*PROBLEM DETAILS*:
Print exactly the lines below between the line containing "Sweatshirt Ecru Casual Woman" and the line containing "Unsere kraftvollen Gefühle", counting both of those lines. Leave pictures out.
━━━━━ DATA EXCERPTS ━━━━━
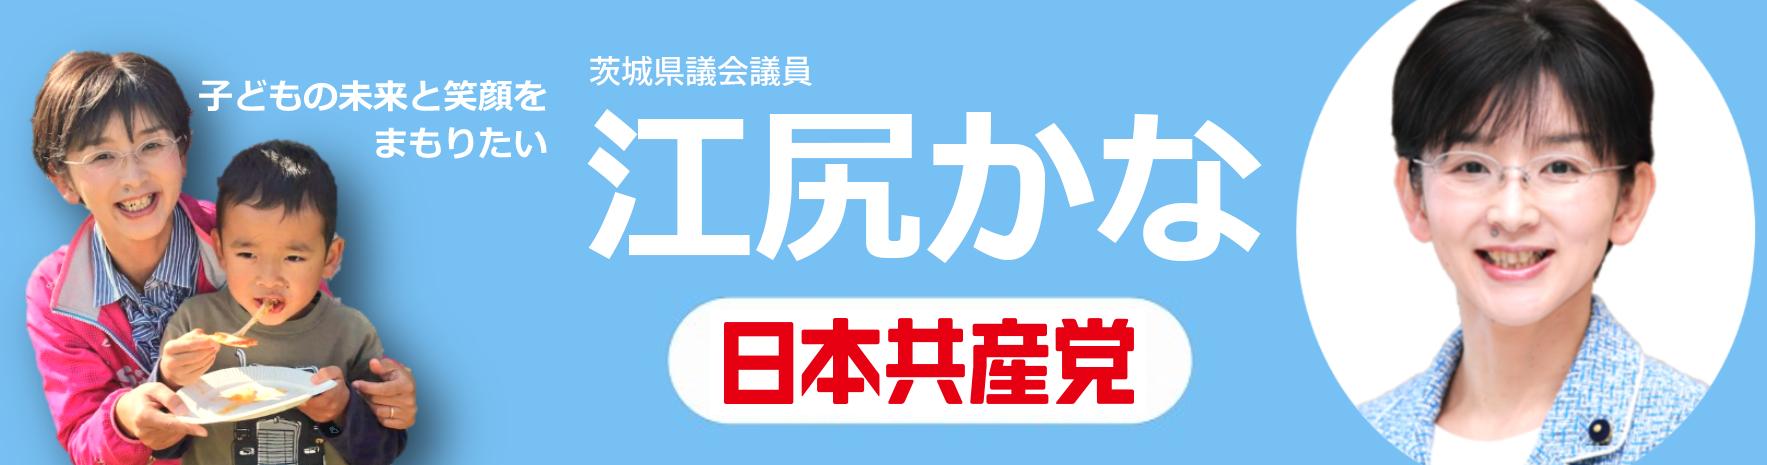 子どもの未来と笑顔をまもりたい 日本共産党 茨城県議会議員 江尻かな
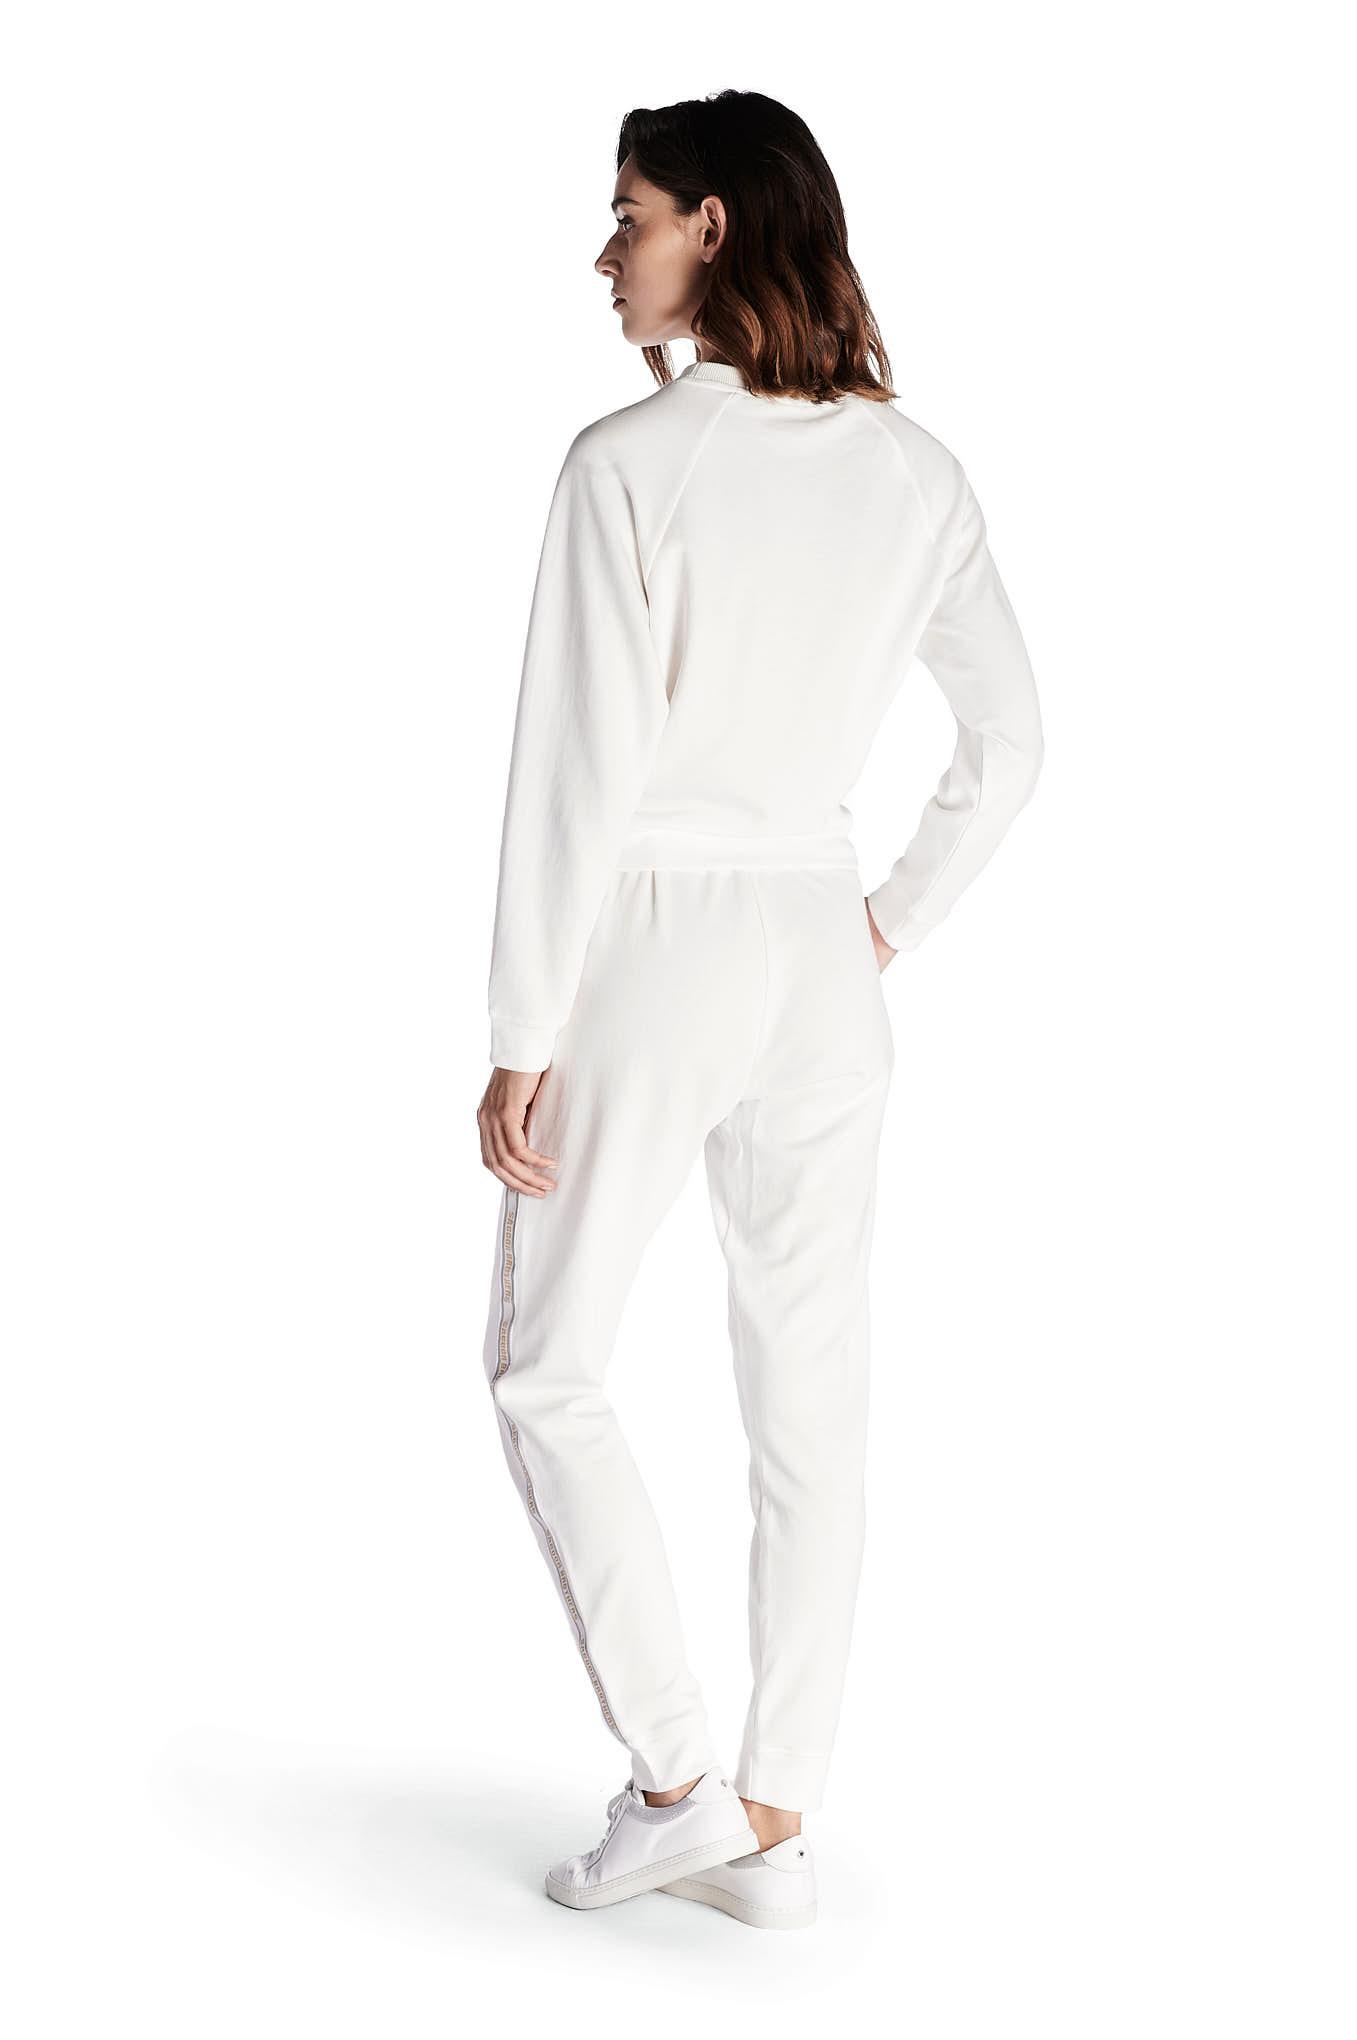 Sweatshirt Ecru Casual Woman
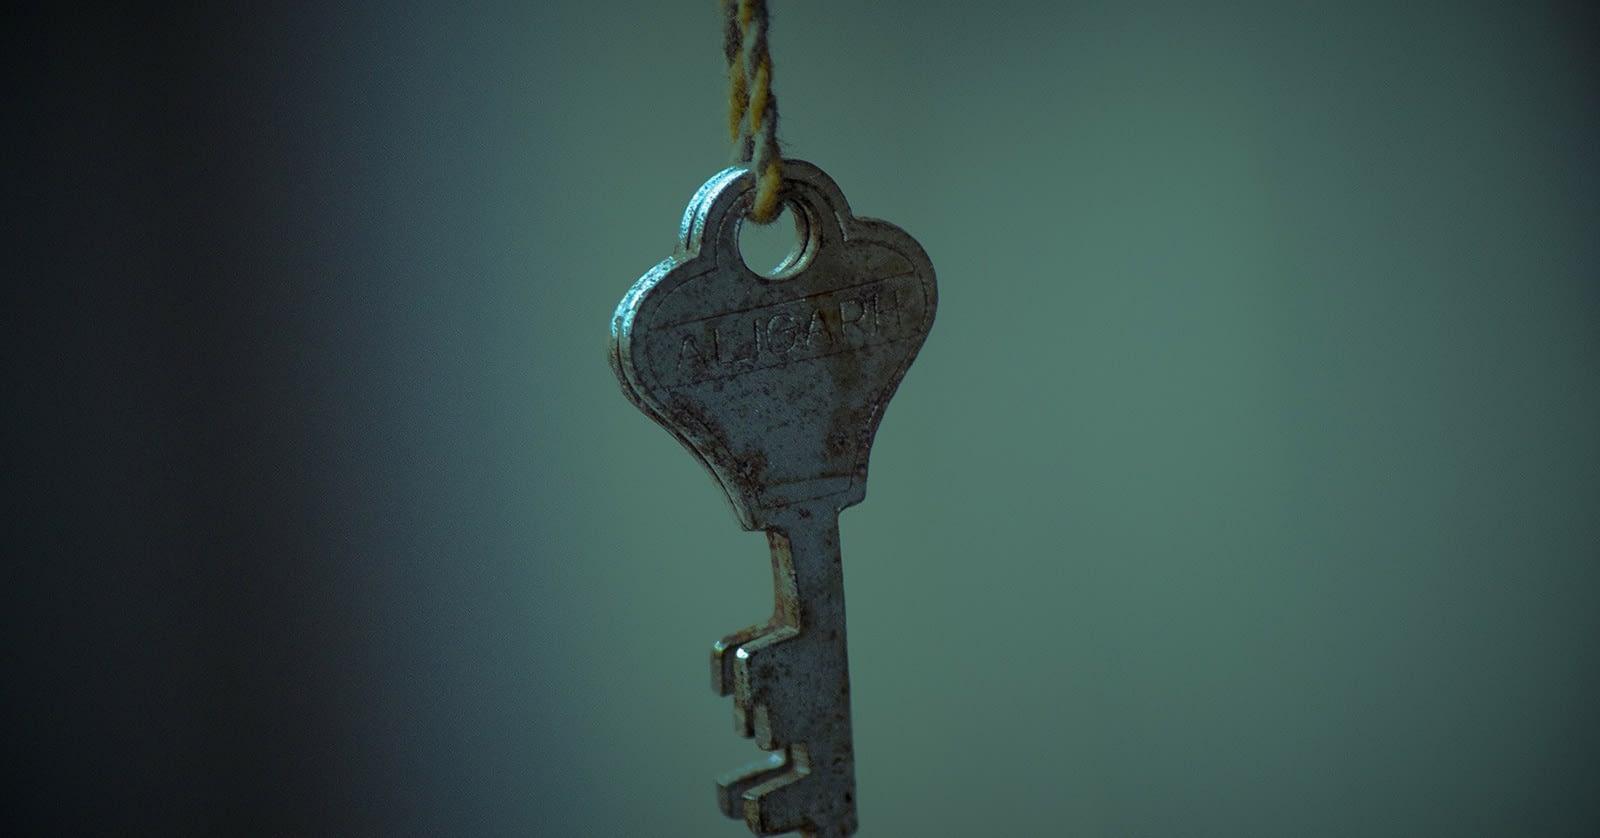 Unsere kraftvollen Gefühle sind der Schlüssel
━━━━━
━━━━━ DATA EXCERPTS ━━━━━
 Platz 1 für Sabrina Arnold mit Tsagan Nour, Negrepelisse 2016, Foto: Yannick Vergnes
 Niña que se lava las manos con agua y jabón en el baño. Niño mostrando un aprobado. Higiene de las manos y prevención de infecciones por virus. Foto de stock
━━━━━
*TASK SOLUTION*:
 Sweatshirt Ecru Casual Woman
 Unsere kraftvollen Gefühle sind der Schlüssel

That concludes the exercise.